- Task to complete: With the pictures removed, write out the full listing below exactly.

- Stored data:
○ ○ ○ ○ ○
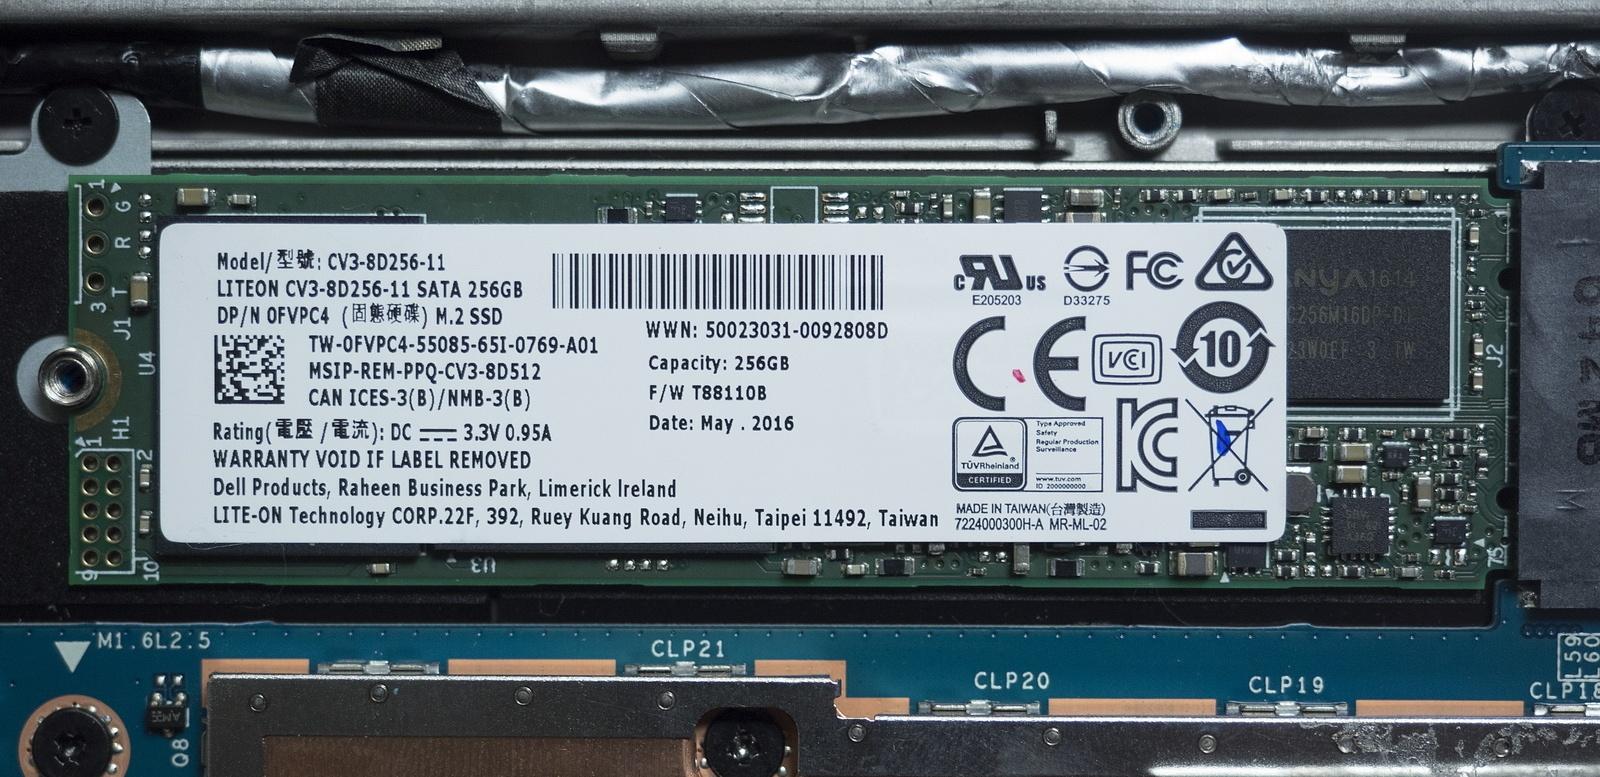 Обзор ультрабука Dell Latitude 13 (7370): Без шума, пыли и сомнений - 6
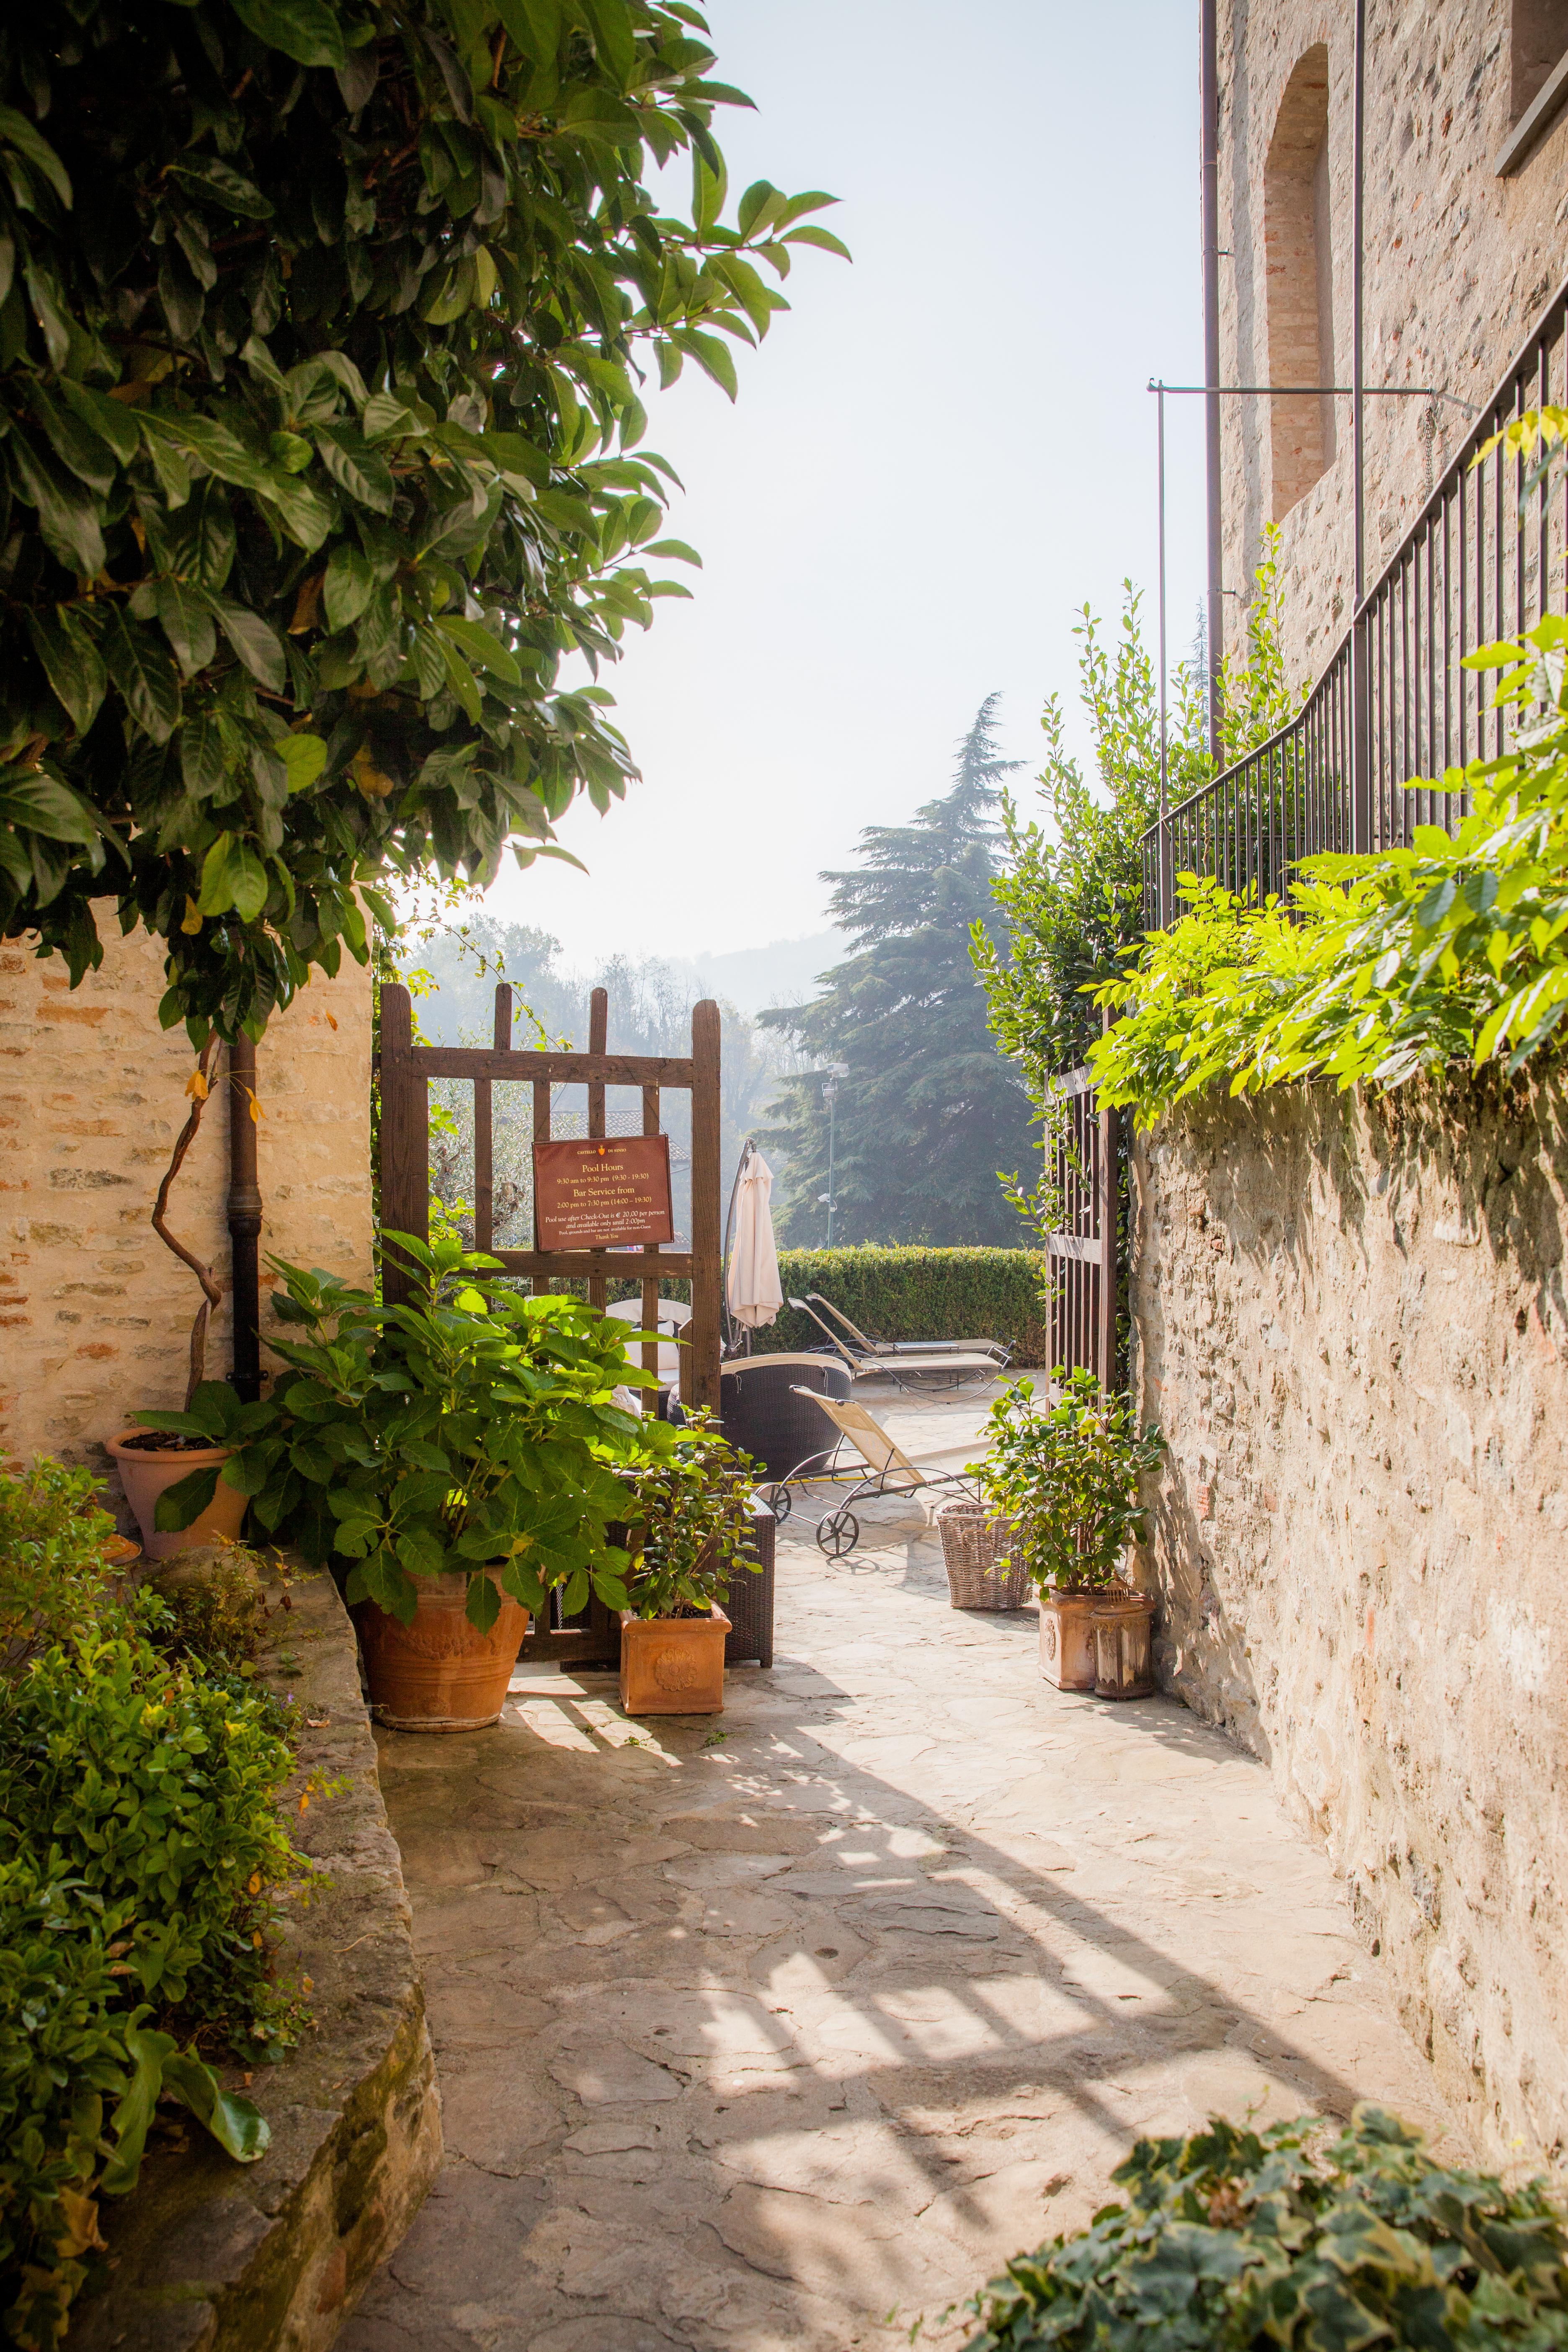 Giardino-213-part
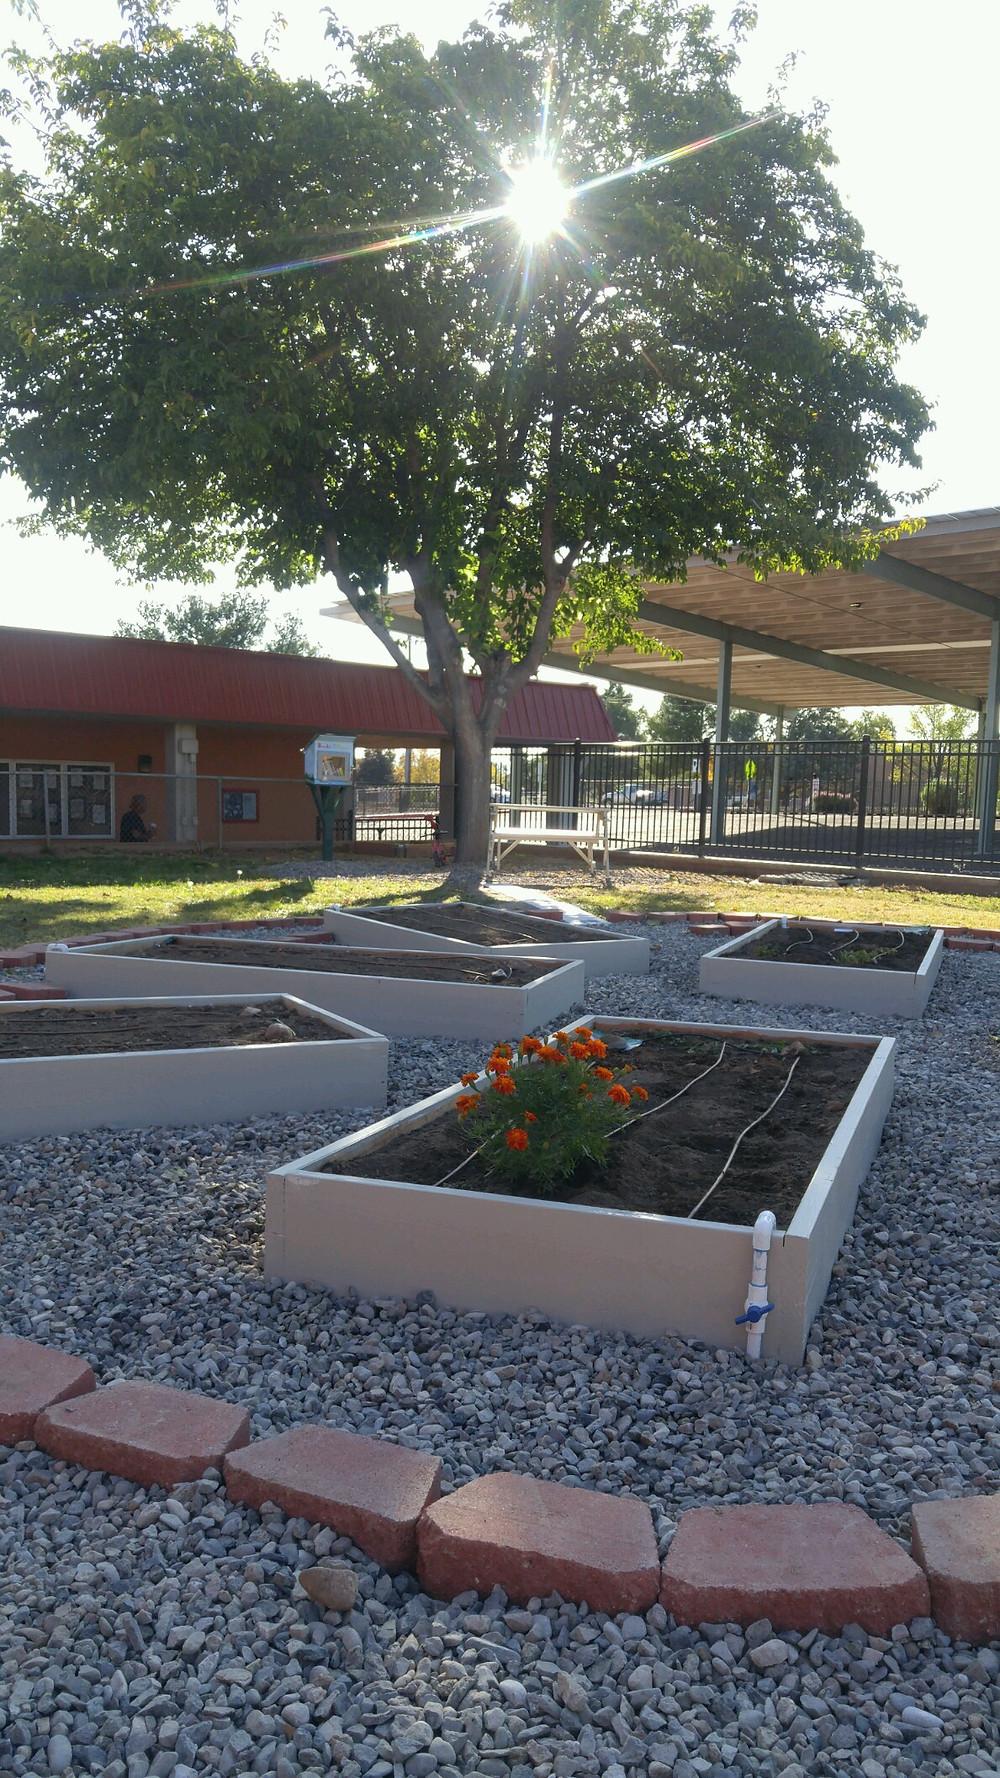 8 garden beds, 5 fruit trees, memorial area, game area
○ ○ ○ ○ ○
- Expected answer:
 Обзор ультрабука Dell Latitude 13 (7370): Без шума, пыли и сомнений - 6
 Giardino-213-part
 8 garden beds, 5 fruit trees, memorial area, game area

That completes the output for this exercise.